In both a pancreatic β cell line and a neuroblastoma cell line KSR2 but not KSR1, is a calcineurin substrate32. Activity of the phosphatase contributes to the localization of KSR2 to the membrane, where it can activate the ERK1/2 pathway32,39. Inhibition of calcineurin activity under these conditions reduces activation of ERK1/2. This regulation is calcium-dependent, providing mechanistic insight into activation of ERK1/2 by calcium. We had previously shown that dominant negative mutants of both Ras and Raf inhibited glucose-dependent ERK1/2 activation in pancreatic β cells, which is consistent with the idea that both are required for glucose-dependent ERK1/2 activation39. Importantly, we found that in pancreatic β cells both B-Raf activity and B-Raf/C-Raf dimerization are enhanced in a calcineurin- and glucose-dependent manner52.
Negative feedback
Positive and negative feedback loops have critical roles in modulation of signal transduction cascades. Growth factors that activate the MAPK pathway have been suggested to regulate the MAPK phosphatases that turn off the kinases in the same pathways53,54. Expression of B-Raf, but not C-Raf, in 293 cells led to increased ERK1/2 activation; however, B-Raf is subject to ERK1/2-mediated feedback inhibition as we found that treatment with the MEK inhibitor, U0126, in the absence of calcineurin led to increased B-Raf activity52 (Figure 2). This suggests that calcineurin promotes B-Raf activation by interrupting the negative feedback effects of ERK1/2. ERK1/2 have been shown to phosphorylate B-Raf on residues S151, S750, T401, and T753, to disrupt not only active Ras interaction but also homo- and heterodimer formation55. Phosphorylation of T401 by ERK1/2 is reduced by U0126 and can specifically be removed by calcineurin to promote B-Raf activation and interaction with C-Raf52.
ERK2 is fully activated by dual phosphorylation of both threonine-183 and tyrosine-185 residues56,57. Canonical MAPK phosphatases or dual-specificity (DUSP) enzymes dephosphorylate both phosphothreonine and phosphotyrosine residues within ERK1 and ERK258,59. In addition to the various extracellular stimuli that activate MAPK phosphatase-1, the second messenger cAMP has also been shown to stimulate activation of MAPK phosphatase-160. The ability of the cAMP pathway to inhibit growth of tumors transformed by activation of MAPK was a topic of much interest for many years61. Later it was discovered that there is a cross talk between cAMP and MAPK pathways, and the effects were differentially depending on cell type and context.
Cross talk of cAMP and MAPK pathways
In cells such as melanocytes, thyroid cells, cells of the anterior pituitary, and β cells, cAMP can enhance proliferation or differentiation; however, in the eye, lung, certain fibroblasts, astrocytes, and hepatocytes to name a few cAMP decreases proliferation39,61,62,63,64,65,66. Activation of MAPK pathway by cAMP occurs in cells that are neural crest-derived, such as melanocytes and the neuroendocrine pheochromocytoma PC12 cell line67,68.

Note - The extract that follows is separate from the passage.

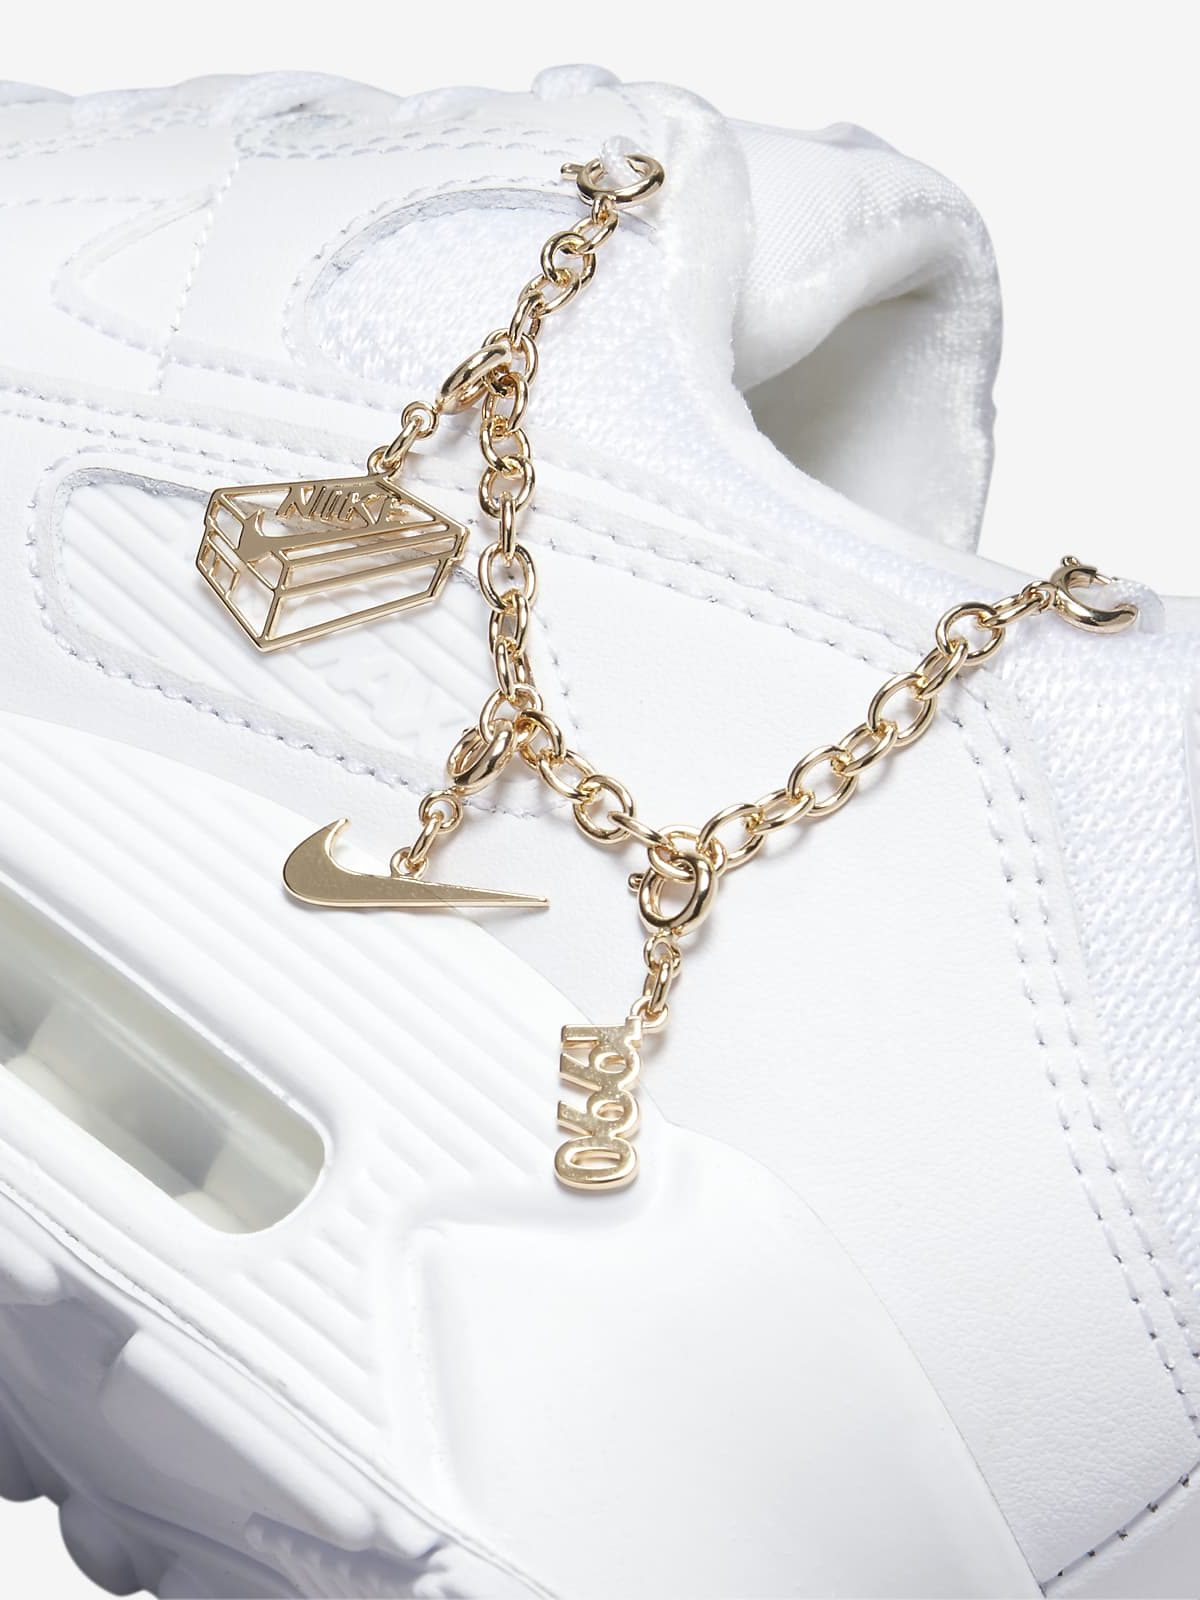 Nike Air Max 90 'White' - Lucky Charms
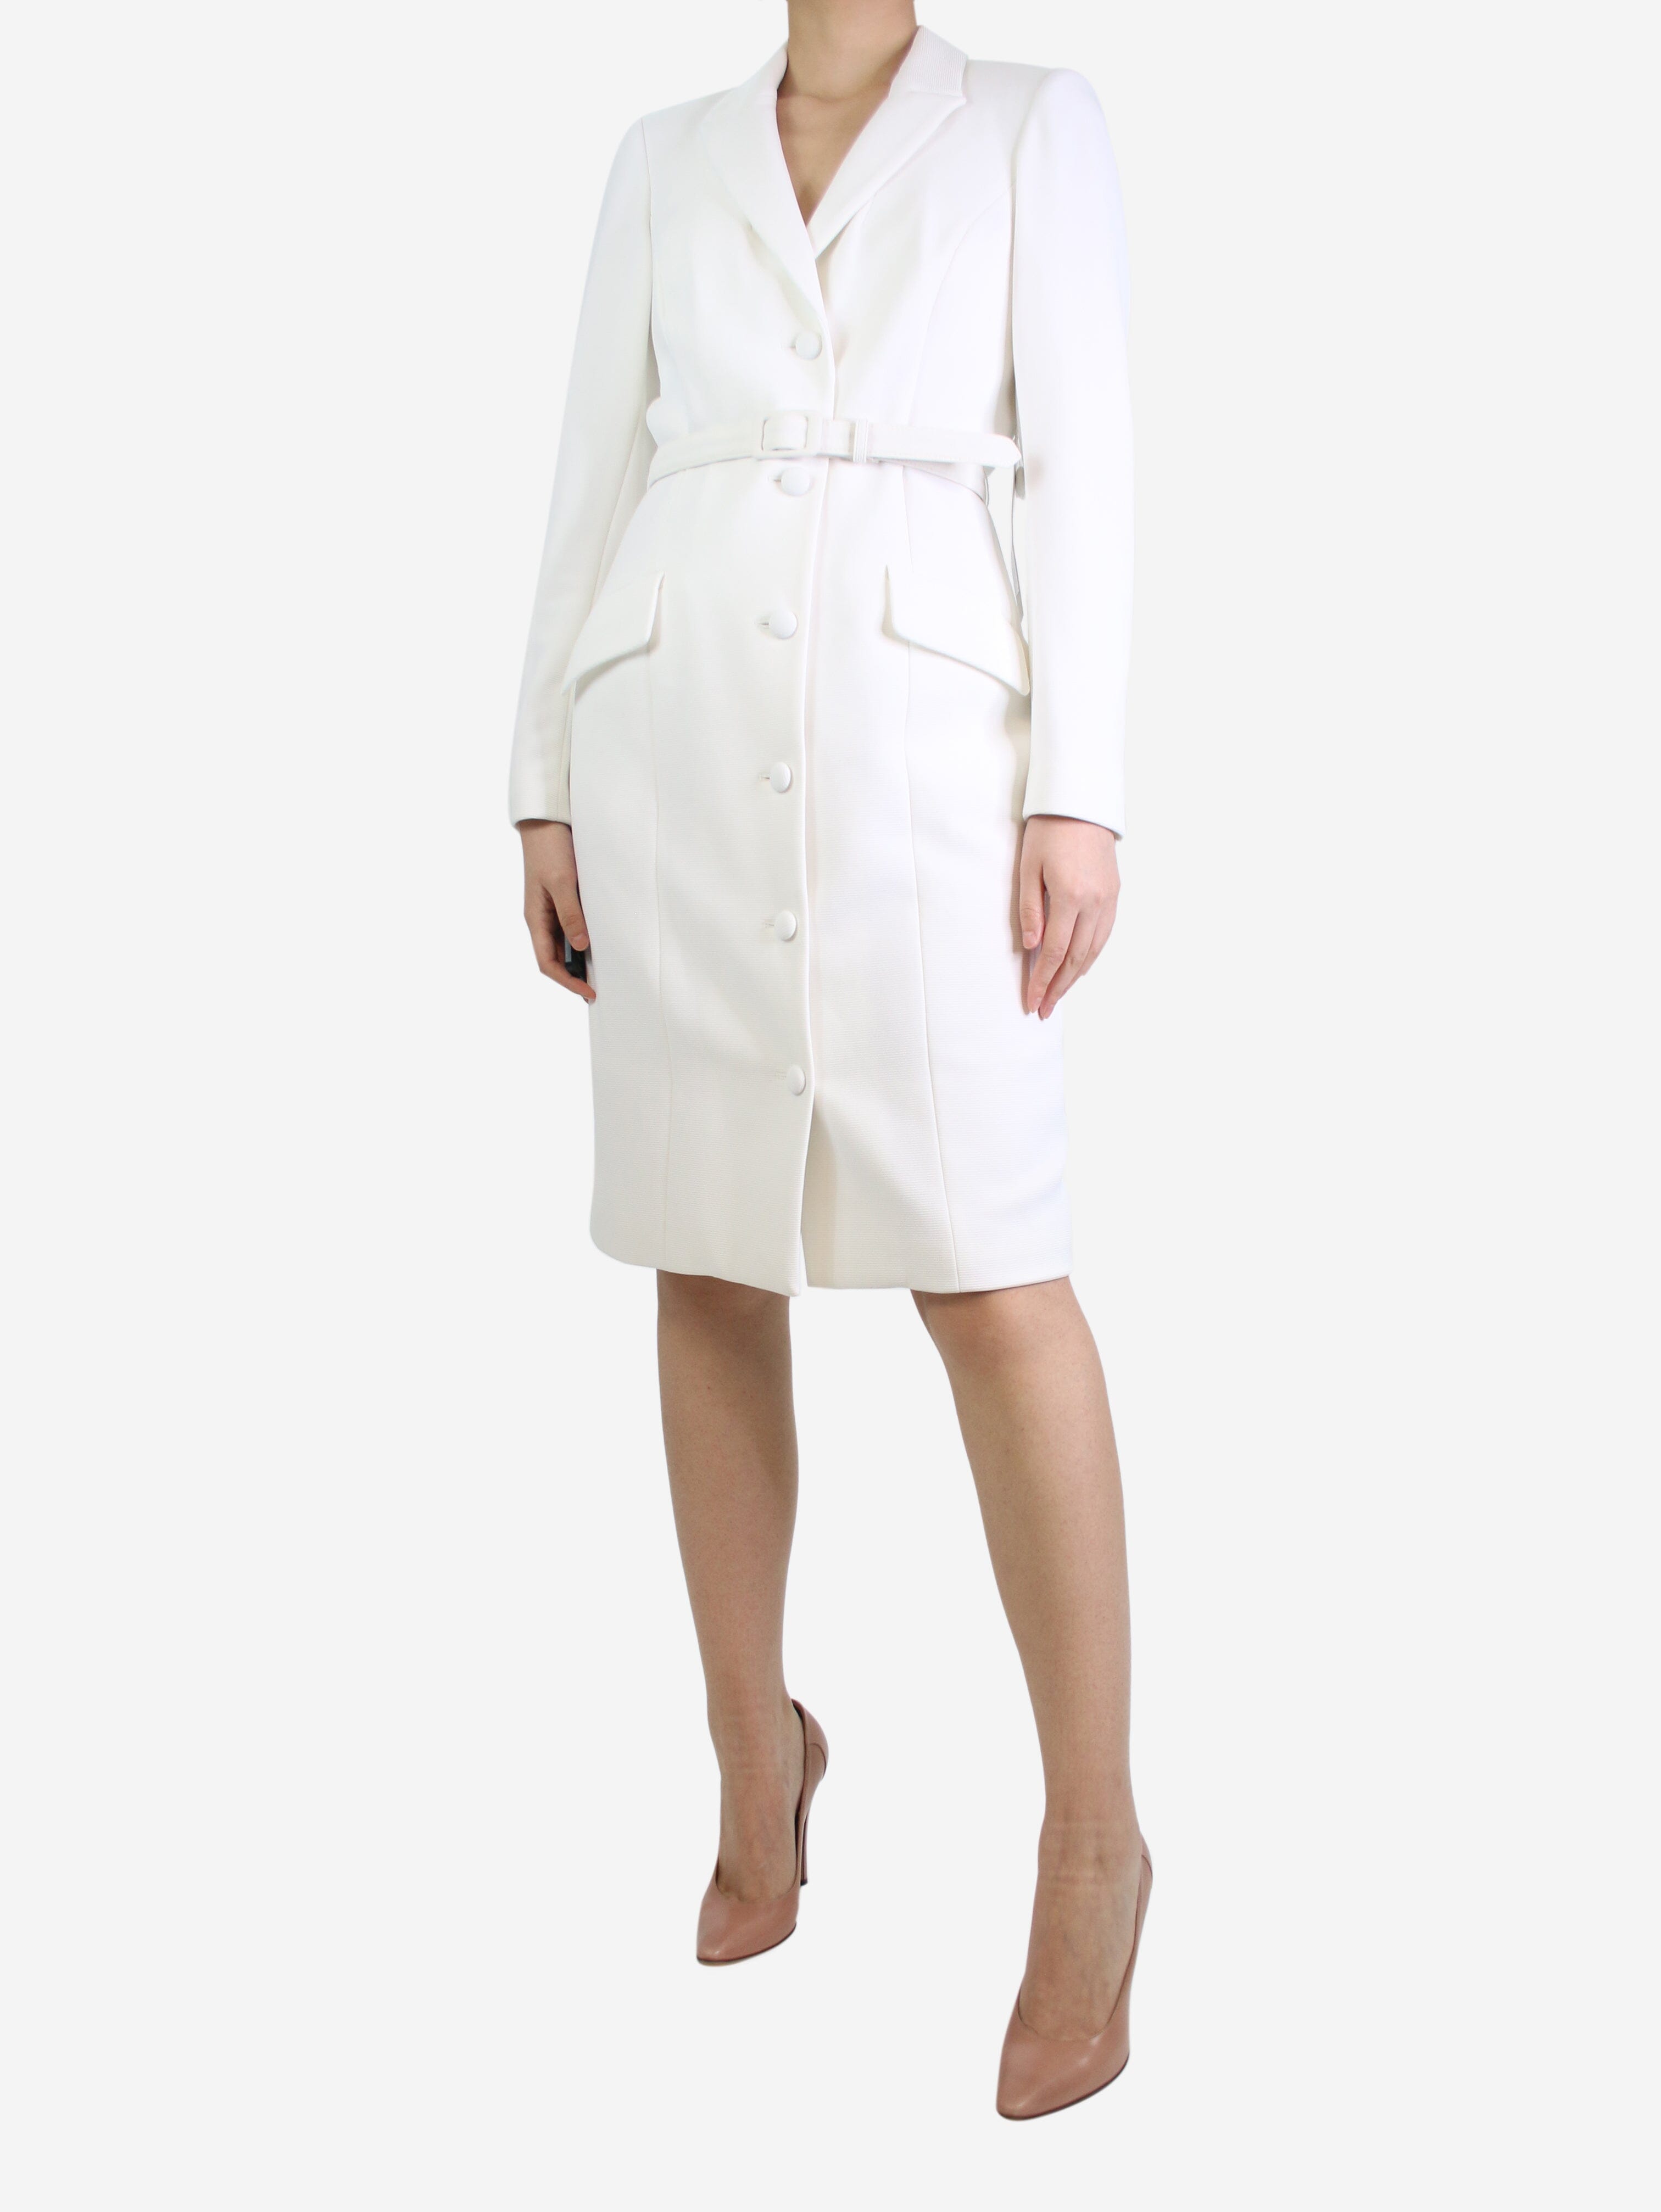 White belted longline blazer dress- size UK 10

Effectors of cAMP include the multifunctional cAMP-dependent protein kinase (PKA) as well as the guanine nucleotide exchange factors, Epac1 and 2. Epacs are exchange factors for the small G proteins Ras-related protein 1 and 2 (Rap1, Rap 2)69. Activation of ERK1/2 by cAMP that induces proliferative signals is Ras- and B-Raf-mediated in melanocytes, whereas the differentiation program may solely rely on Epac activation70,71. Proper signaling in the cAMP pathway is also achieved by compartmentalization of PKA and Epacs by the scaffolding proteins known as A-kinase anchoring proteins. Our laboratory identified the only AKAP shown to bind directly to ERK1/2, radial spoke protein 3 (RSPH3) (Figure 3). RSPH3 was identified in a yeast two-hybrid screen and it binds to ERK1/272. ERK1/2 phosphorylates the anchoring protein; this phosphorylation regulates the ability of RSPH3 to bind to the regulatory subunits of PKA. Inhibition of ERK1/2 activity in this setting negatively regulates the AKAP function of RSPH3. Several A-kinase anchoring proteins have been shown to mediate cross talk between PKA and the MAPK pathway by interacting with other components of the cascade. Recently AKAP-Lbc has been shown to amplify the positive effect that cAMP has on the MAPK pathway via its interaction with KSR1. In addition to its known function as a guanine nucleotide exchange factors, AKAP-Lbc is also a scaffold protein73. AKAP-Lbc binds to KSR1, which facilitates cAMP-dependent phosphorylation of KSR1 by PKA, ensuring sustained activation of ERK1/274. While these findings support the idea that PKA has a positive function in ERK1/2 activation, this is not always the case.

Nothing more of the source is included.